Task details ->
Using the data below, return word for word every line from the one holding "Pair of Rockville" down to the one holding "Maybelline5.jpg". Leave pictures out.

Recorded data ->
━━━
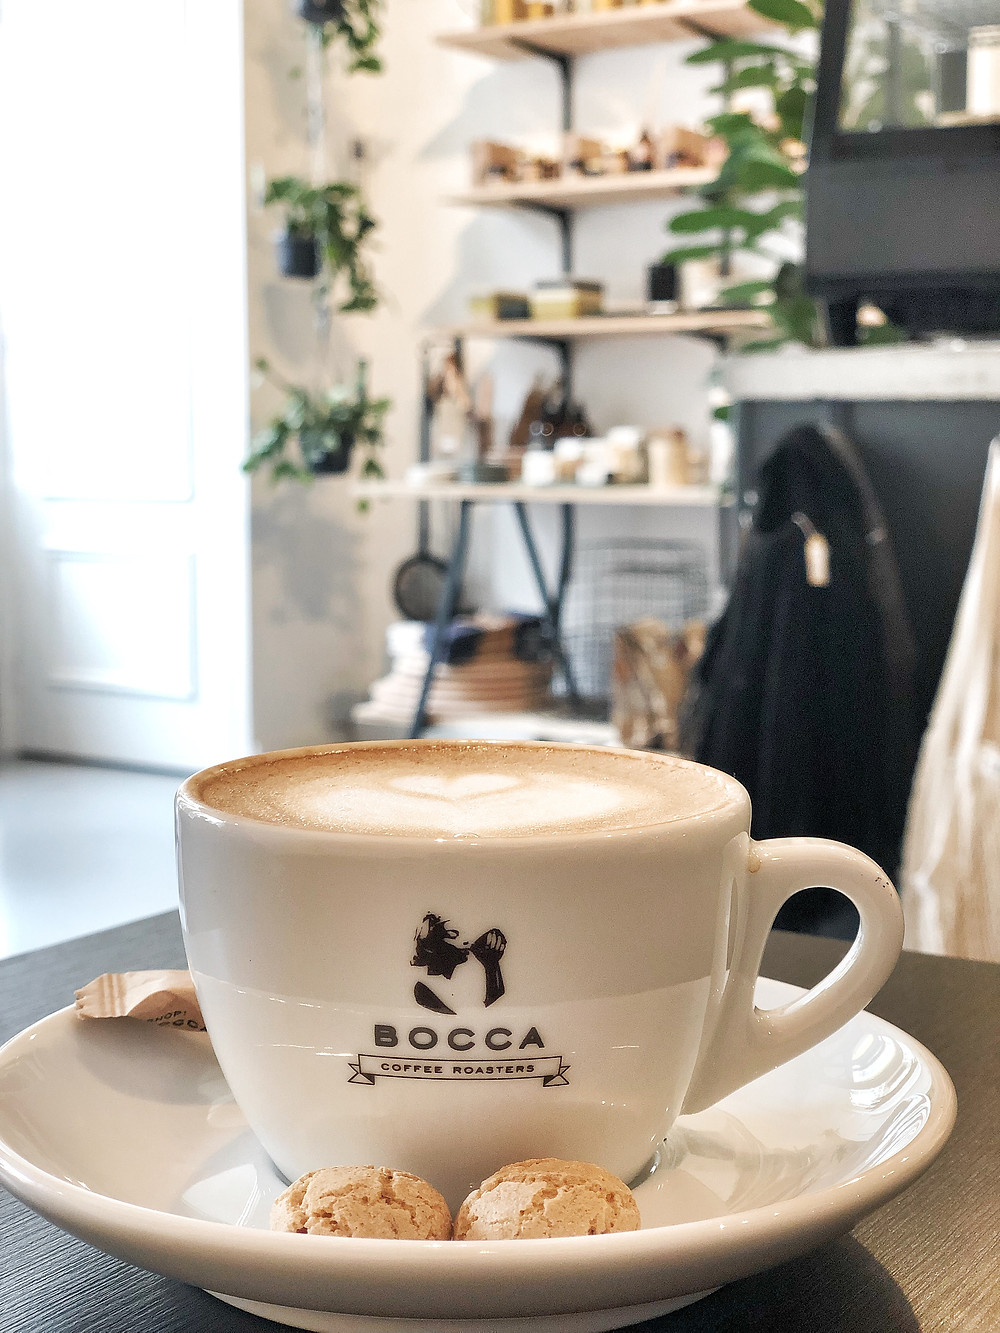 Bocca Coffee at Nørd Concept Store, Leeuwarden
━━━
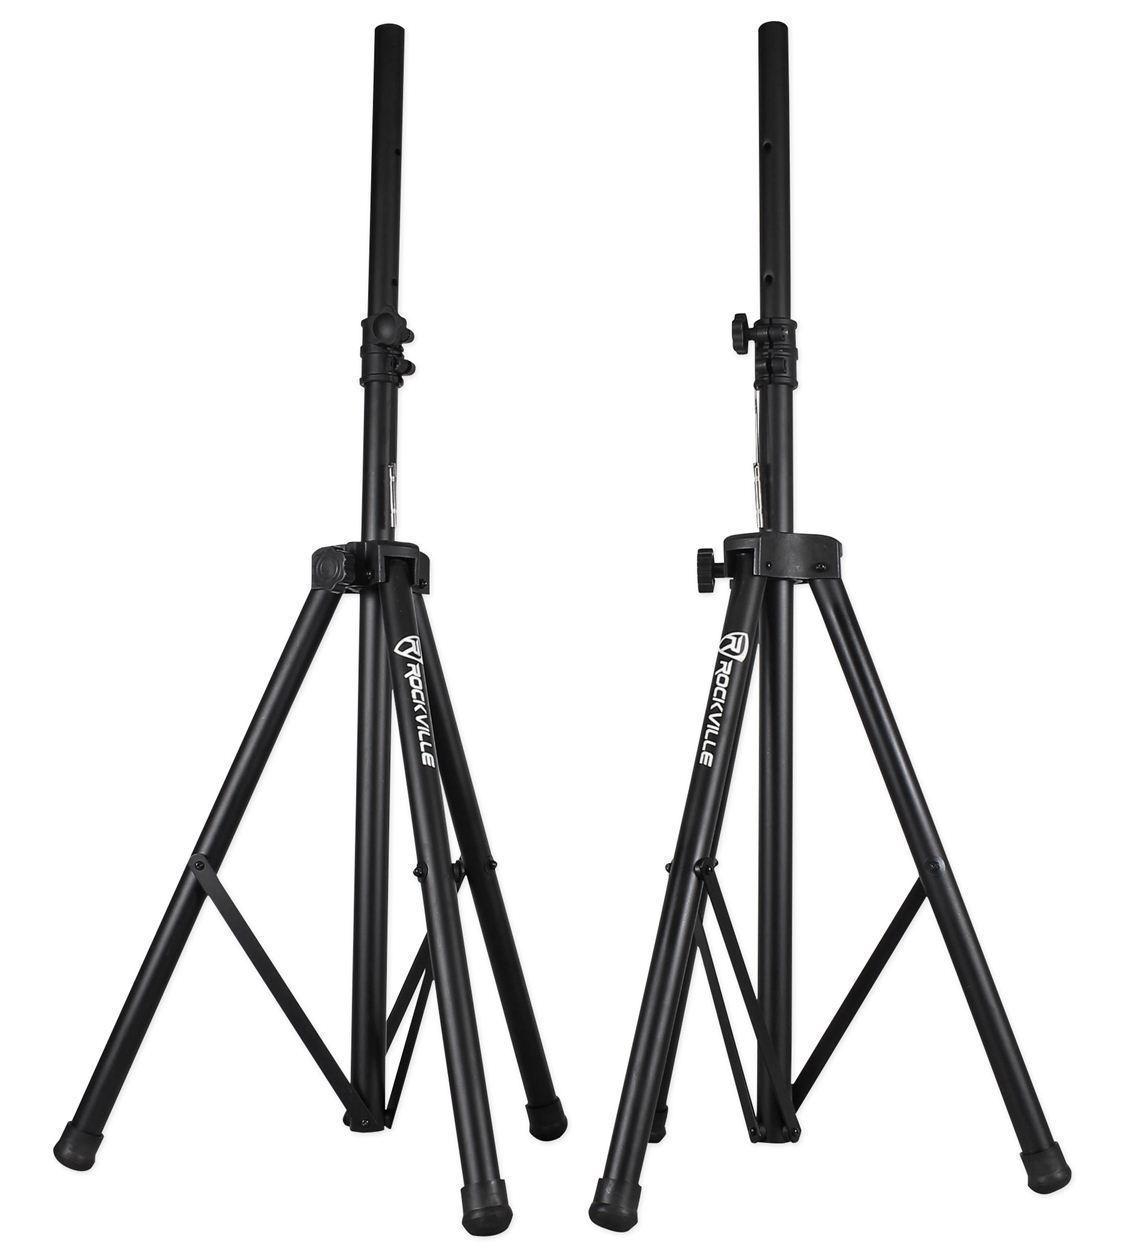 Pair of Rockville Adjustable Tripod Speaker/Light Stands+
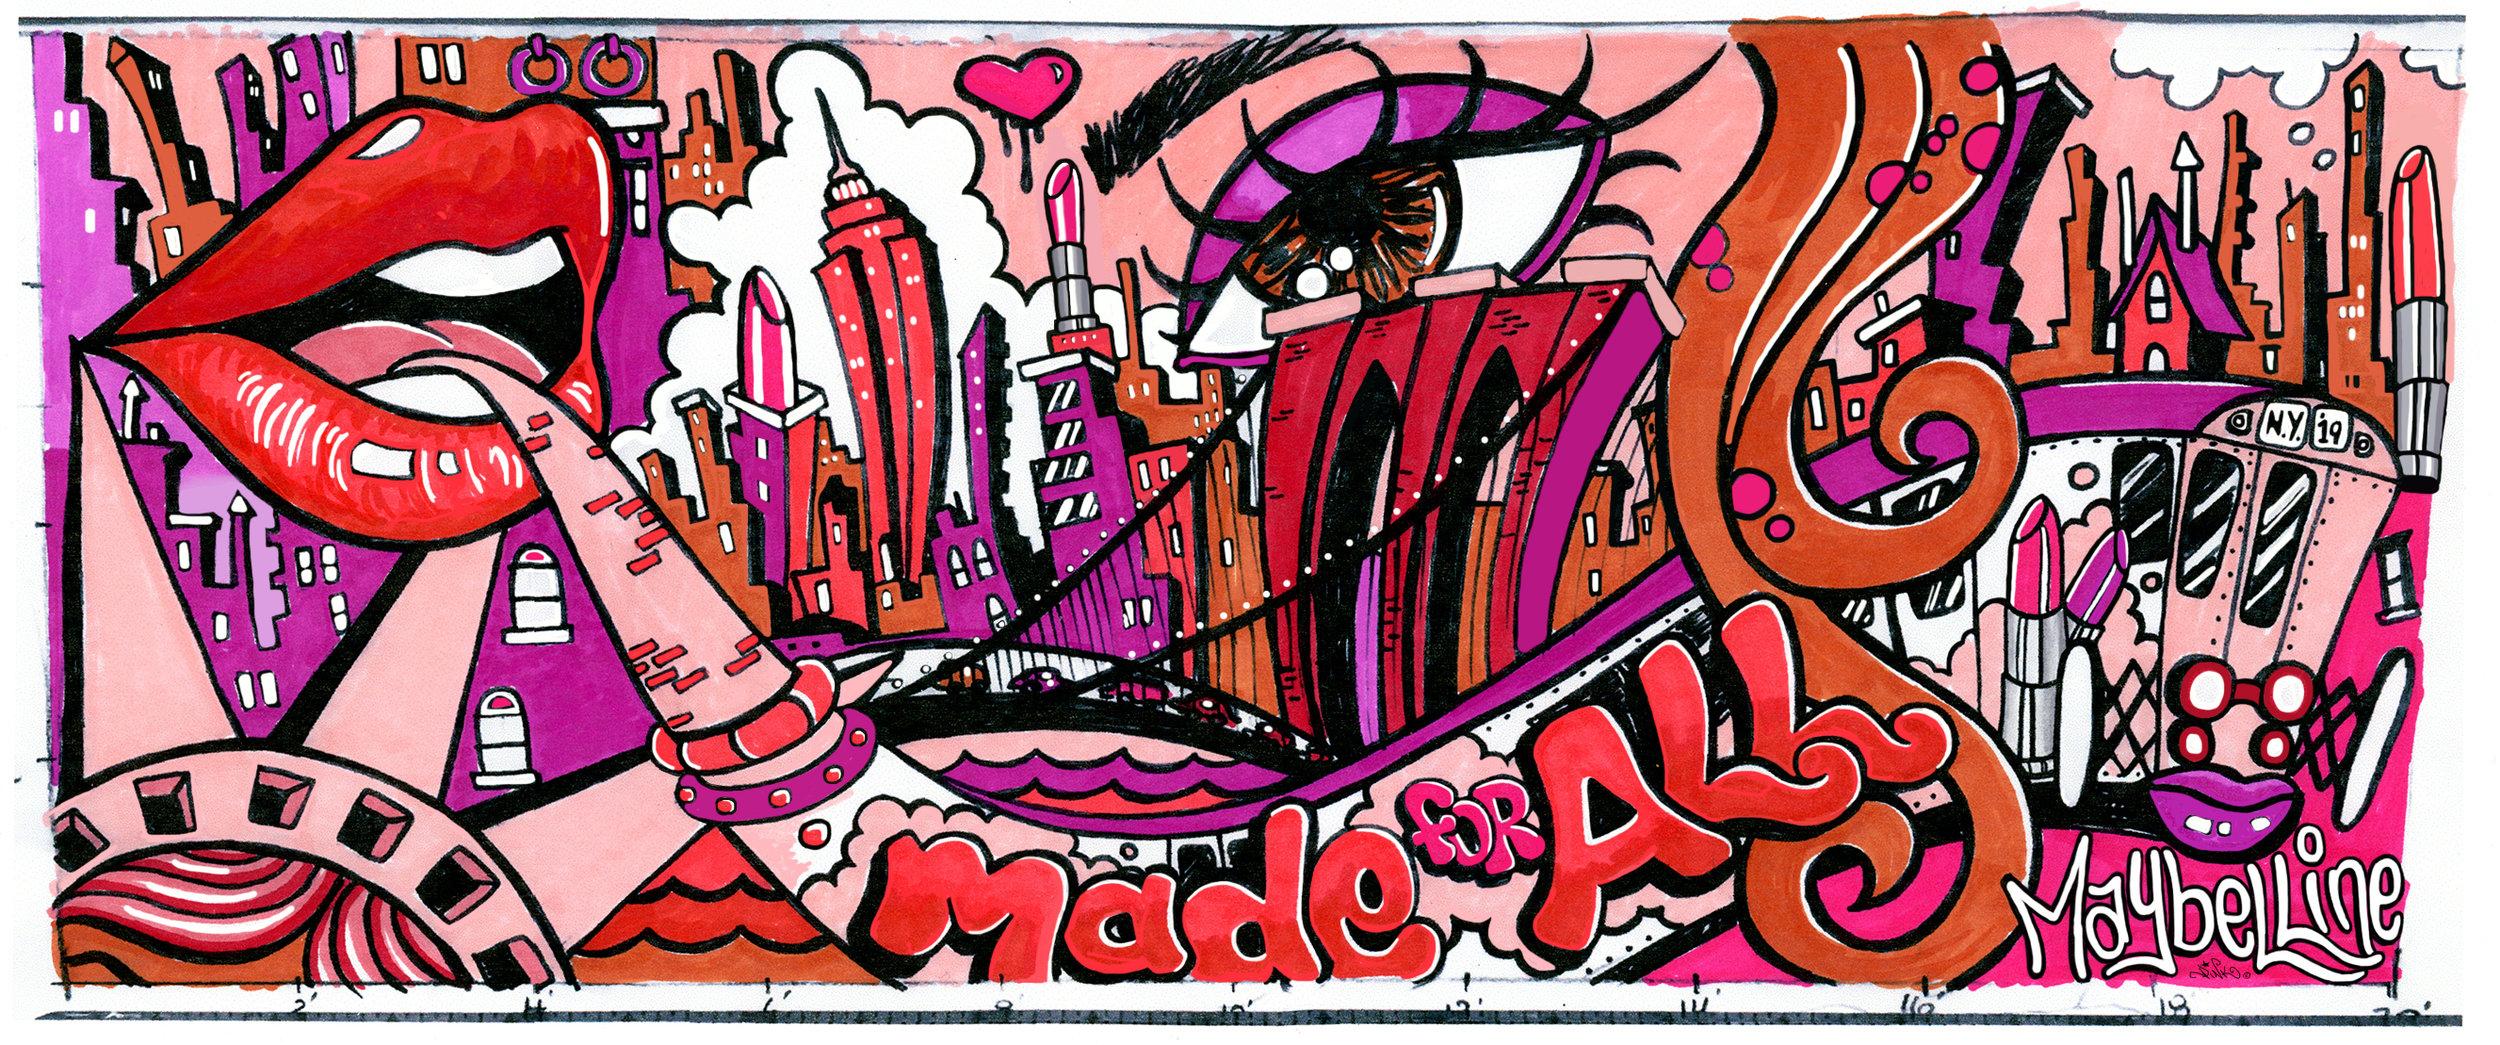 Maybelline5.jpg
━━━
Output for this task ->
 Pair of Rockville Adjustable Tripod Speaker/Light Stands+
 Maybelline5.jpg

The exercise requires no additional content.